[[ Record excerpts, beginning ]]

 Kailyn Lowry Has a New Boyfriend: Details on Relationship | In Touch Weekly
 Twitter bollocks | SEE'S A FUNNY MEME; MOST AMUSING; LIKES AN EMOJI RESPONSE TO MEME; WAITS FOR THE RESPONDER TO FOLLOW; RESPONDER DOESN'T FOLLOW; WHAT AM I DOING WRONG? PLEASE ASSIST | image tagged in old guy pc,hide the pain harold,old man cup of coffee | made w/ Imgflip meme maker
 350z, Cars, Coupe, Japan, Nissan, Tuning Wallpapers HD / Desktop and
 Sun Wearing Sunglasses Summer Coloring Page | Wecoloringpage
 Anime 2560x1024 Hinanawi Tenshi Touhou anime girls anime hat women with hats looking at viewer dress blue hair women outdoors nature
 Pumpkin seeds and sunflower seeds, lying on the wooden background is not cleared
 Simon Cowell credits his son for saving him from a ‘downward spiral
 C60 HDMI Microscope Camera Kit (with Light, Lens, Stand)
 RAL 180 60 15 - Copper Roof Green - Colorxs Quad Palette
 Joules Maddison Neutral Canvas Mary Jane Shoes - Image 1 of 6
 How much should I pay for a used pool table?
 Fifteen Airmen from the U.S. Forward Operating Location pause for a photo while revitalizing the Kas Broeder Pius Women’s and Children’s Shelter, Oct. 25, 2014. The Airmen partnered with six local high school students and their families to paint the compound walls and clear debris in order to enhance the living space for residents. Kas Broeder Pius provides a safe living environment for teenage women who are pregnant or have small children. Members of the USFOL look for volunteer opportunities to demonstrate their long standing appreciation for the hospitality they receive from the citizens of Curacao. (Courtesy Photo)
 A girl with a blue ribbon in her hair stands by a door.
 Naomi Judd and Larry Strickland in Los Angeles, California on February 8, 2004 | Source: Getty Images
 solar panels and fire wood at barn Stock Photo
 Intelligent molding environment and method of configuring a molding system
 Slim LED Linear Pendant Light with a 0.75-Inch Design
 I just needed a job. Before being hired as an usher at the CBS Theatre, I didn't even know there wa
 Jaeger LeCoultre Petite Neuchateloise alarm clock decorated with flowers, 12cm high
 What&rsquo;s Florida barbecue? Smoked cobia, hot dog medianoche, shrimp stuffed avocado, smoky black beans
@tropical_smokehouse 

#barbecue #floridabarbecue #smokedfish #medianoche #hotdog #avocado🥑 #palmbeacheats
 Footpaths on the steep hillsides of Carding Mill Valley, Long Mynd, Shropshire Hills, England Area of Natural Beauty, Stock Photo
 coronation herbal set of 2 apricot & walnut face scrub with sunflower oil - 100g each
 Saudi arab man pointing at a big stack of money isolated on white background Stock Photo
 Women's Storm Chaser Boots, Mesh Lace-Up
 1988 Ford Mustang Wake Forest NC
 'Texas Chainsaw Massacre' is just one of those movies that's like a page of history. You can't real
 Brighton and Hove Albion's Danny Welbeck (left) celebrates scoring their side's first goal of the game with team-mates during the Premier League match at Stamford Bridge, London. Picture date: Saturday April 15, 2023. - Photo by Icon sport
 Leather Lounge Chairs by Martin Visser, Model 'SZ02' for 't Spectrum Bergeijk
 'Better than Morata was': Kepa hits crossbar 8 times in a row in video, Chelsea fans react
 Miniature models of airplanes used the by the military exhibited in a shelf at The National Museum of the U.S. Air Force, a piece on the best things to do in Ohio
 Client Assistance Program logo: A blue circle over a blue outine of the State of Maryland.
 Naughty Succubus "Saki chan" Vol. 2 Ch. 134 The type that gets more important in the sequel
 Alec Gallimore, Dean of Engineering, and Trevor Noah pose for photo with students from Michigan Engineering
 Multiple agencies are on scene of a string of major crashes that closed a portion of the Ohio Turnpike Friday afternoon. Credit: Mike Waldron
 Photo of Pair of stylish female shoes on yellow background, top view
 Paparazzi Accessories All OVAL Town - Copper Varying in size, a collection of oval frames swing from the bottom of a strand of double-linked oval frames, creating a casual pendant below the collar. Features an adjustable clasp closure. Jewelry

[[ Record excerpts, end ]]

• **Problem to work on**
Show all of the lines above in which "Copper" is present.

• **Exercise output**
 RAL 180 60 15 - Copper Roof Green - Colorxs Quad Palette
 Paparazzi Accessories All OVAL Town - Copper Varying in size, a collection of oval frames swing from the bottom of a strand of double-linked oval frames, creating a casual pendant below the collar. Features an adjustable clasp closure. Jewelry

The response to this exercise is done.